IRC Section 409A determines when an employee is taxed for stock-based compensation awards (see SC 10.2.6
, SC 10.6.3
, SC 10.6.4
, and SC 10.6.5
). Section 409A provides a broad definition of nonqualified deferred compensation and provides rules related to the timing of elections and distributions under deferred compensation arrangements. In addition to affecting deferrals of cash compensation, IRC Section 409A has significant implications for stock-based compensation plans.
While Section 409A includes a very broad definition of nonqualified deferred compensation, the regulations confirm that ISOs, qualified ESPPs, and restricted stock awards (but not restricted stock units) are specifically exempt from the provisions of IRC Section 409A. In addition, the regulations provide that nonqualified options are not deferred compensation and are not subject to Section 409A if:
- The option is over "service recipient stock;"
- The exercise price of the option can never be less than the fair market value of the underlying stock on the grant date;
- The receipt, transfer, or exercise of the option is subject to taxation under IRC Section 83; and
- The option does not include any deferral feature other than deferral of income from the grant date until the option exercise date.
Options with a floating exercise price that could be less than the fair market value of the stock on the grant date will be treated as deferred compensation under Section 409A. Further, the payment of a dividend equivalent contingent upon the exercise of the option will be treated as a reduction in the exercise price causing the option to be deferred compensation under Section 409A. Companies should review their plans to ensure that the exercise price and dividend equivalent rights meet the requirements under Section 409A.
The regulations include a similar exception for both cash- and stock-settled SAR plans.
In order for both nonqualified stock options and SARs to be exempt from Section 409A, the award must be over "service recipient stock." Generally, a stock right may cover common stock of the employing company or another company directly up the corporate chain.
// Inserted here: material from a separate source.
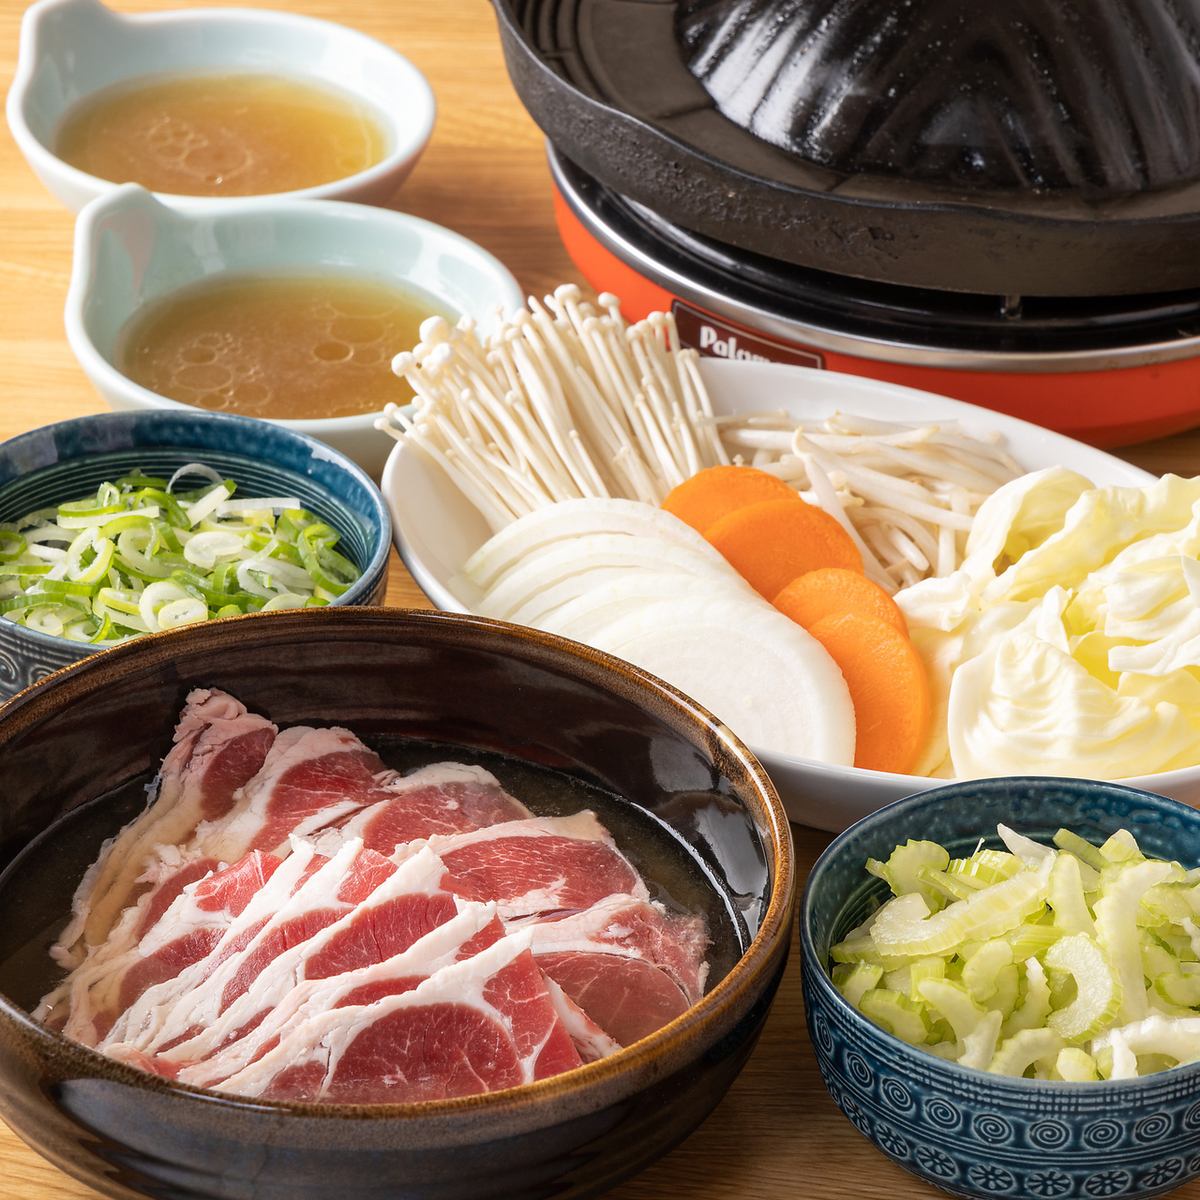 Genghis Khan full of nutrition is highly recommended for those who want healthy yakiniku!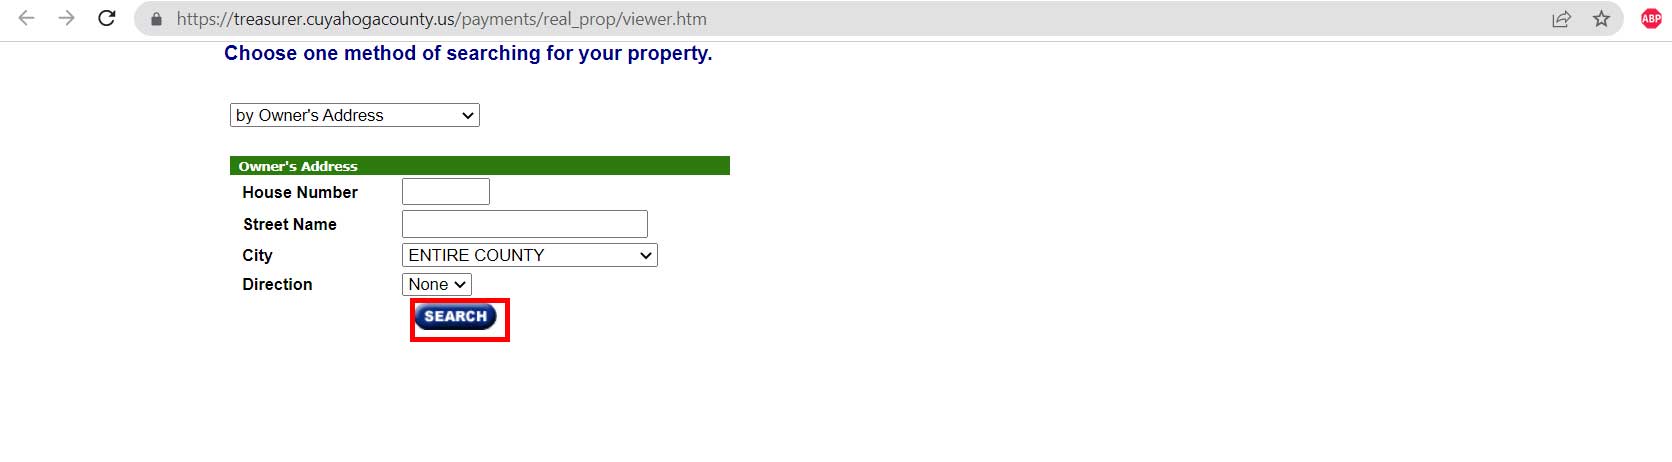 Cuyahoga Property Tax Search

The rules regarding service recipient stock are complex and should be carefully examined in each individual circumstance. The regulations provide that service recipient stock is any class of stock that is common stock for the purposes of IRC Section 305. Any class of common stock may be used, even if another class of service recipient stock is publicly traded or has a higher aggregate value outstanding, provided that the common stock does not have a preference to distributions and cannot be subject to mandatory repurchase (other than a right of first refusal) or a put or call right that is not a lapse restriction, unless the price paid is the current fair market value on the repurchase event. An American Depository Receipt or American Depository Share, to the extent that the stock is traded on a foreign exchange, continues to qualify as service recipient stock.
Other stock-based compensation grants may be exempt from IRC Section 409A if the compensation is paid during the "short-term deferral period." The Treasury Regulations provide an exclusion to Section 409A for compensation that is paid in the year of vesting or no later than 2 1/2 months after the end of the later of the employer's tax year or the employee's tax year in which vesting occurs. Thus, for example, an RSU that transfers the stock in the year of vesting is generally excluded from Section 409A.
Stock-based compensation awards that do not fall within the exceptions are generally subject to the requirements of IRC Section 409A. Section 409A imposes restrictions on the timing and form of deferral elections, the timing of distributions/payments and the use of certain trusts to fund the arrangements. If these requirements are not met, the individual is subject to accelerated taxation, enhanced underpayment interest, and an additional 20% tax.